If you did not live together during the last six months of the tax year, you can file as Head of Household if you satisfy the other conditions for this filing status.
Please read this TurboTax article on filing as Head of Household.
Actually, you cannot file Married if you were legally separated as of 12/31/2021:
Tax Tips for Separated Couples - TurboTax Tax Tips & Videos (intuit.com)
This is incredibly complicated. The problem is that “legal separation“ does not always satisfy the IRS requirement to be considered unmarried, no matter what the video says. I know, because if I could have filed as single when my wife kicked me out, I would have saved several thousand dollars.

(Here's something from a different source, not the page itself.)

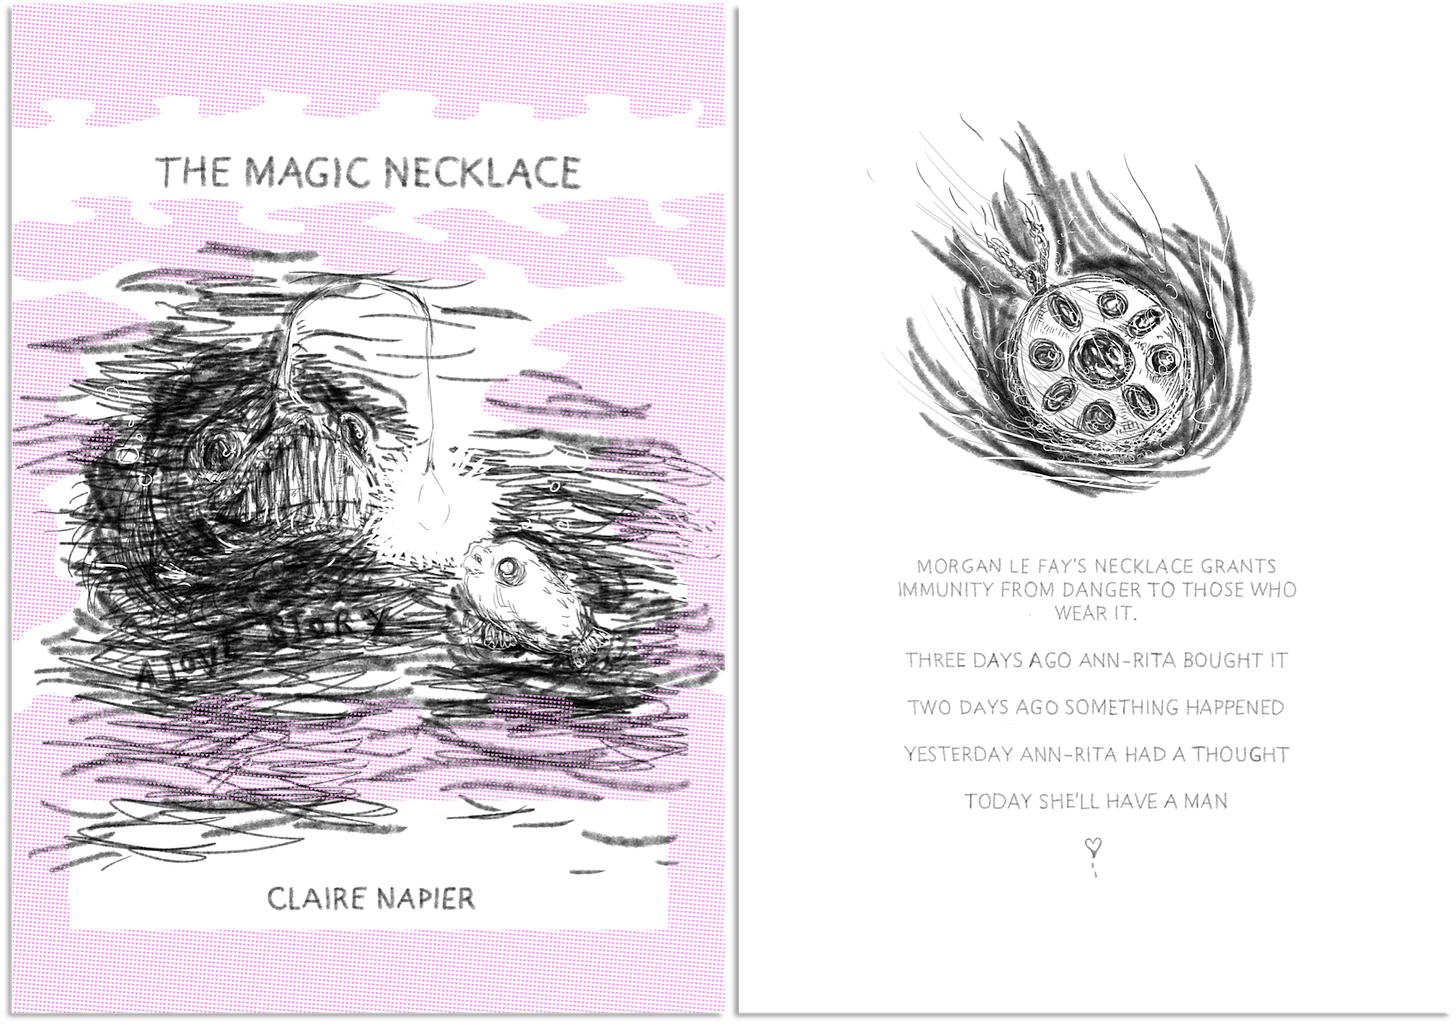 The cover and summary of The Magic Necklace.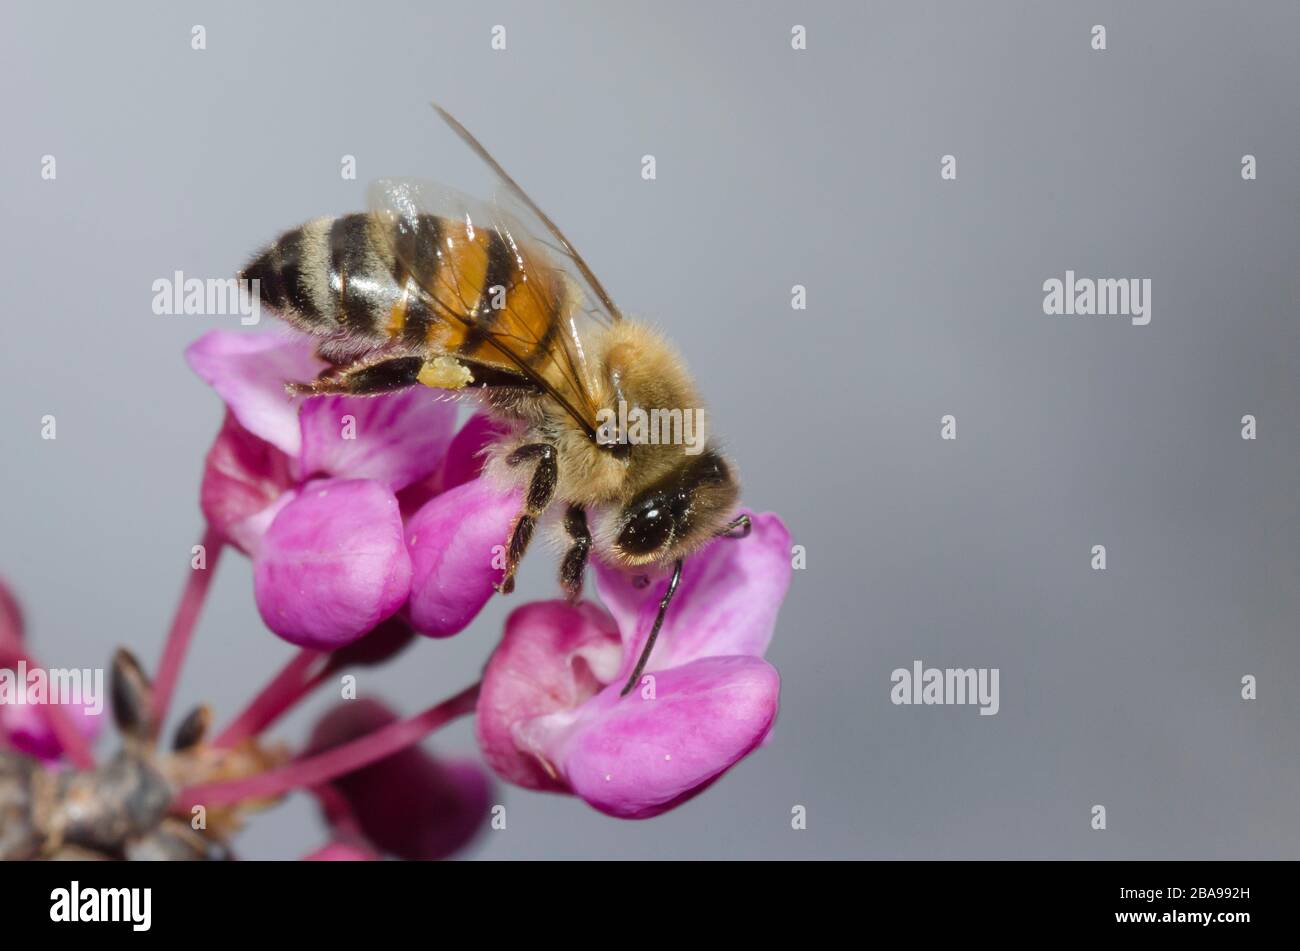 Honey Bee, Apis mellifera, foraging on Eastern Redbud, Cercis canadensis, blossoms Stock Photo

The IRS says that you are “considered unmarried“ if you are legally separated under a decree of separate maintenance that makes you legally unmarried under state law. If you are “considered unmarried”, then you would file as single, or you would file as head of household if you provided care in your home for a qualifying person, usually your child dependent.
The problem is that I have never seen a state law that the IRS would accept to be considered unmarried. I have only reviewed tax court cases for New York and New Jersey, but in those states, a legal separation is not considered unmarried. The reasoning was complex and I may not remember it all correctly, but part of the reasoning is that in those states, even if you have a legal separation approved by the courts, you can reconcile and get back together without legal consequence. New York actually does have a different kind of legal separation still on their law books as a holdover from the distant past that would meet the IRS definition, but no one uses it in modern times.
I would love to know if there are any states where a legal separation is considered unmarried by the IRS. You would have to ask a tax attorney in your state whether your form of legal separation counts.
But the answer is not a simple yes or no. If your legal separation does not count as unmarried, then you would file “married filing separately“ unless you were separated for at least six months and you provided care in your home for a qualifying person so you could file as head of household. Your spouse would probably file “married filing separately,“ since they would not have a qualifying person for HOH.
If your legal separation does count as unmarried under the laws of your state, you could file single or HOH.